WHAT THE TASK ASKS → In the entries below, find the line with "Aerolite 8 Wheel" and the line with "WinRest 360 - Restaurante"; copy them and every line between them exactly, but not the pictures.

PROVIDED INFORMATION →
============

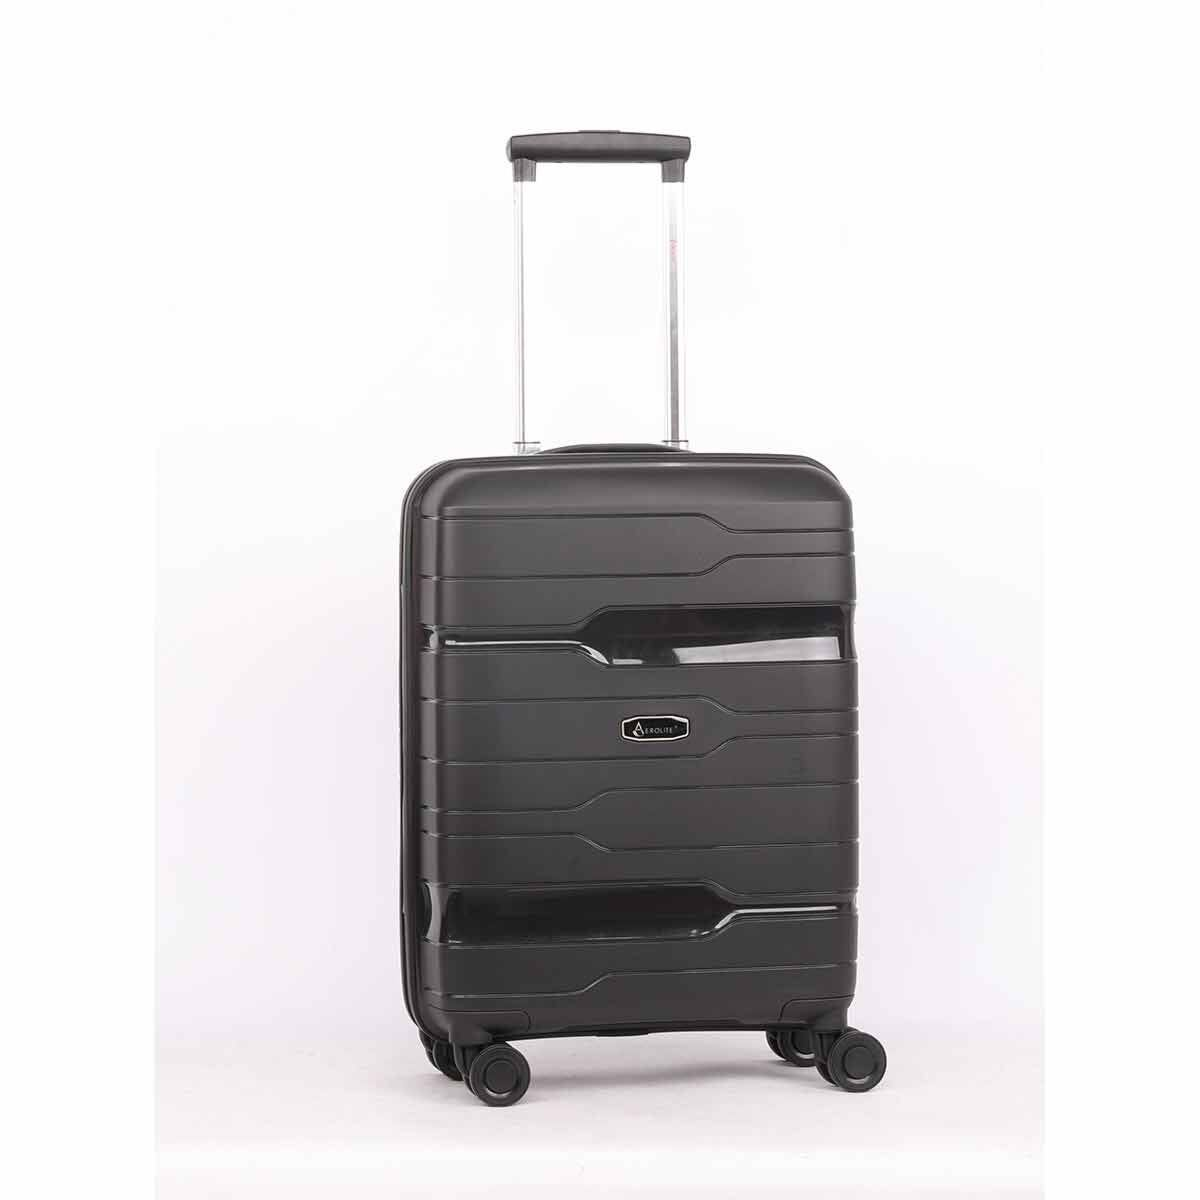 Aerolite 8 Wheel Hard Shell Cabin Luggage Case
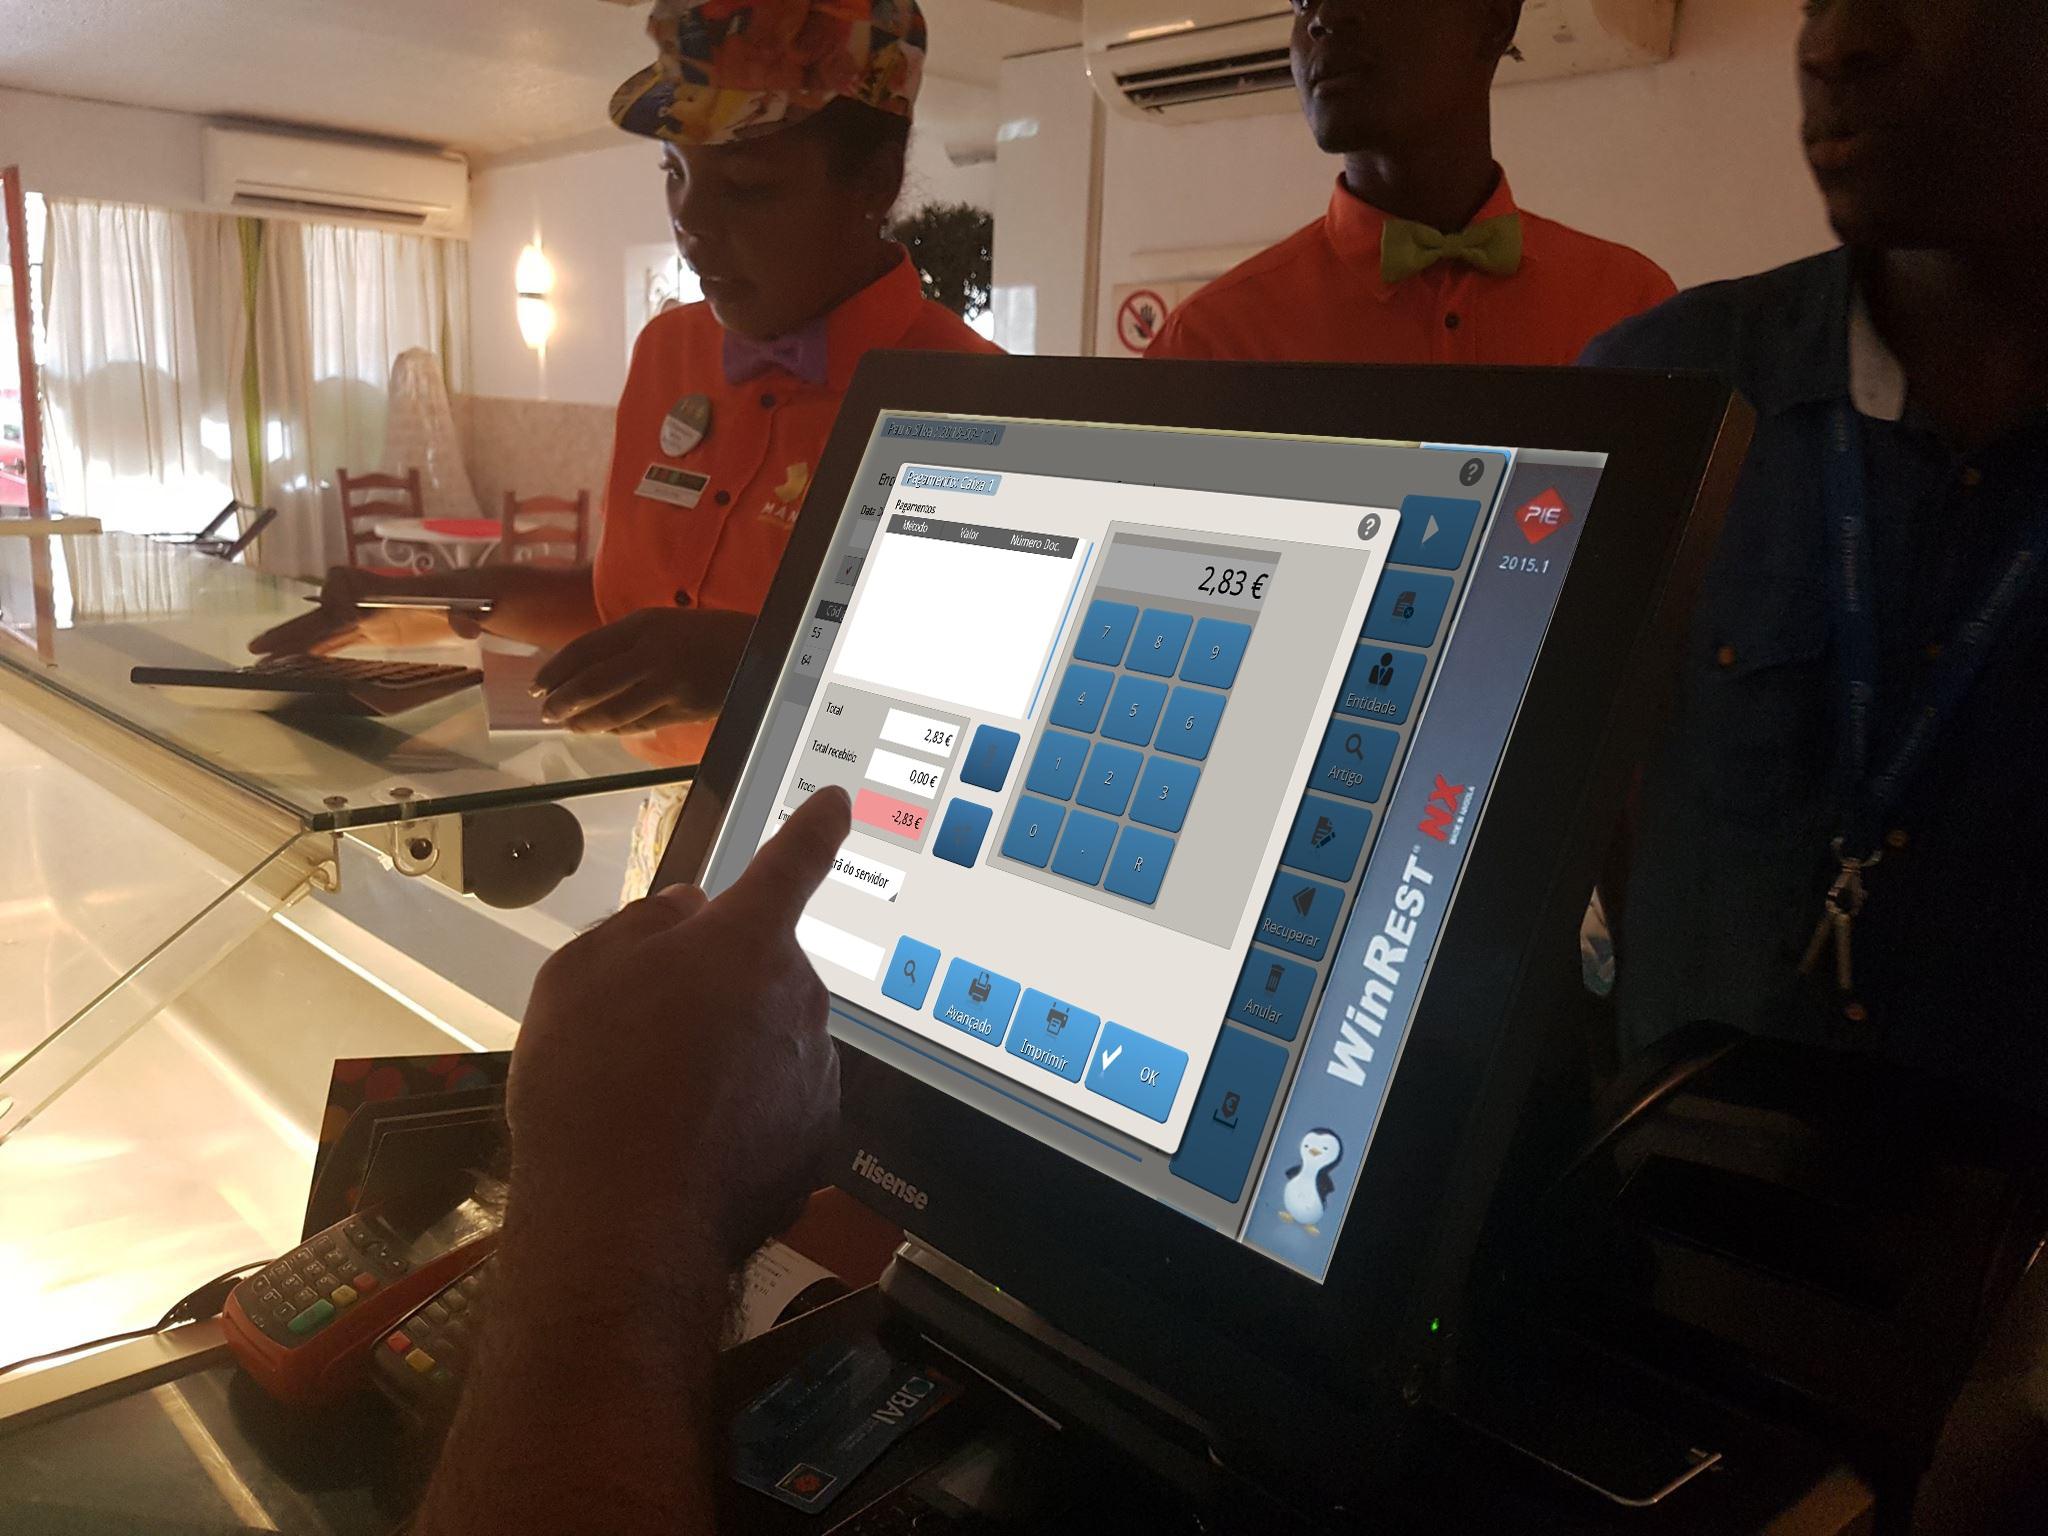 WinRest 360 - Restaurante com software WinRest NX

============

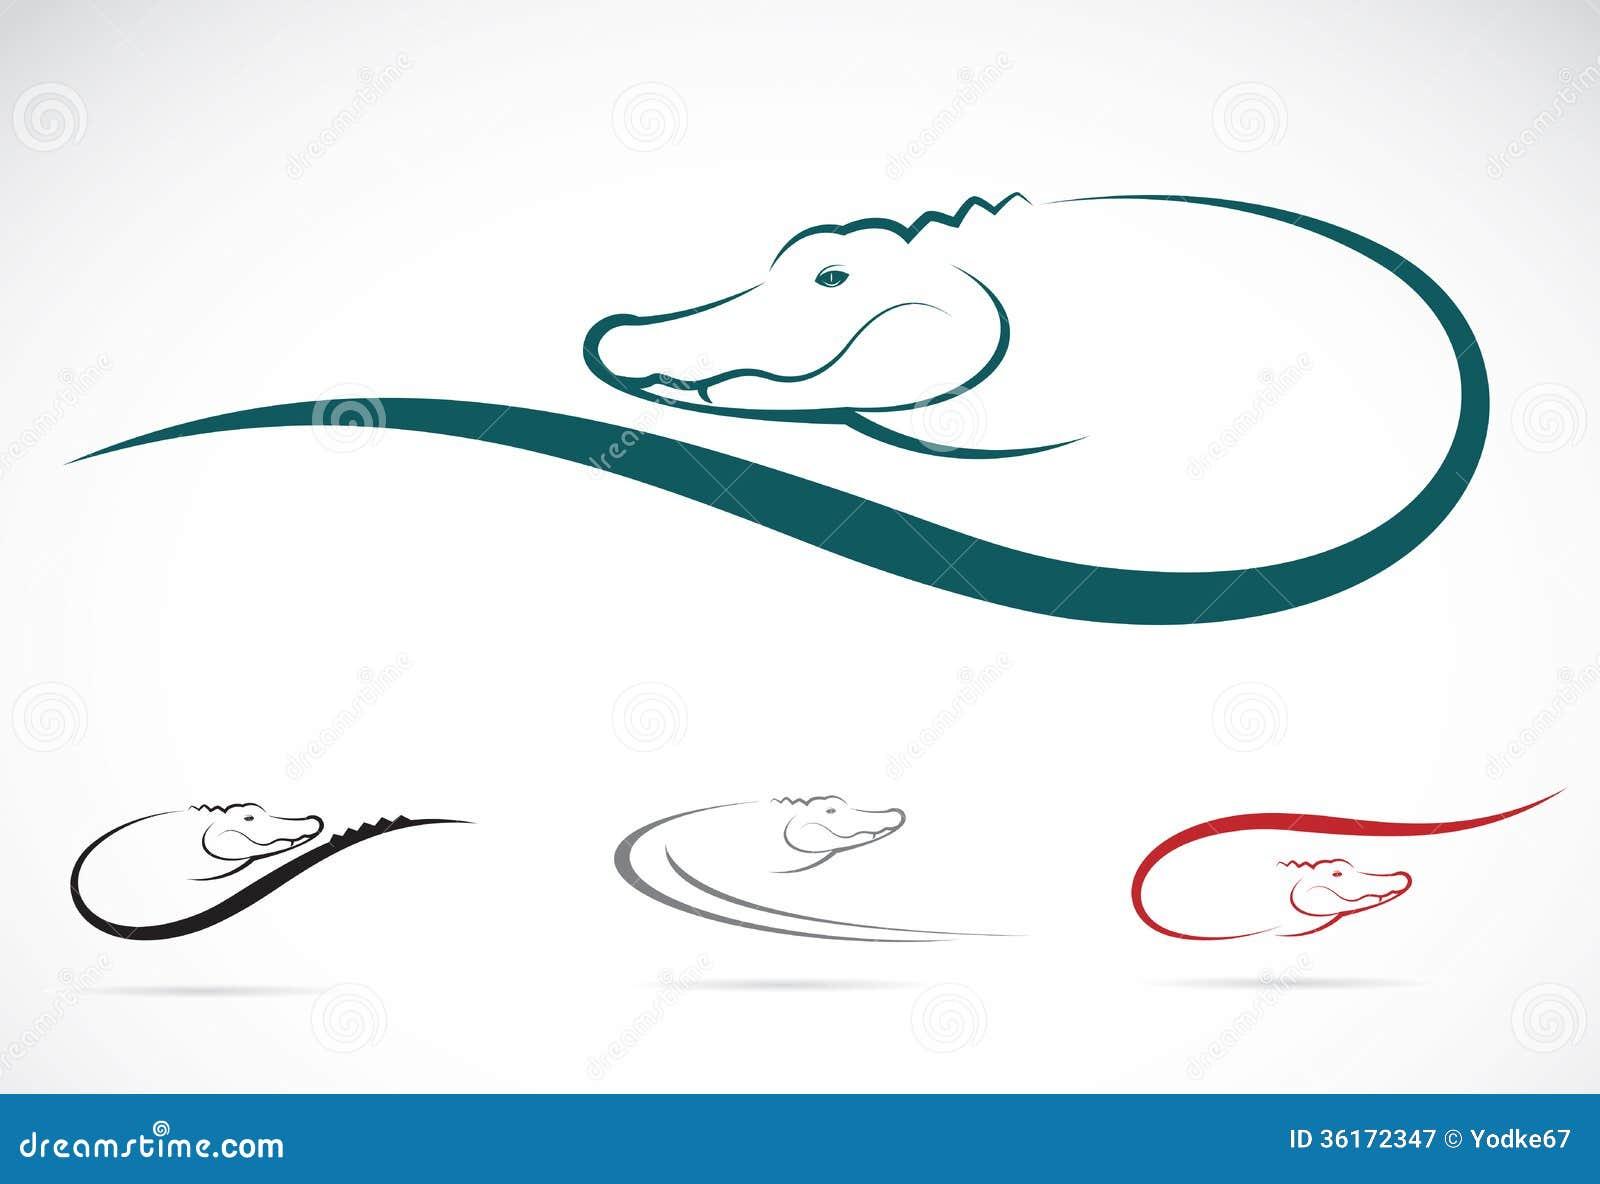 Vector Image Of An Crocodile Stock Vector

============

WRITTEN SOLUTION →
 Aerolite 8 Wheel Hard Shell Cabin Luggage Case
 WinRest 360 - Restaurante com software WinRest NX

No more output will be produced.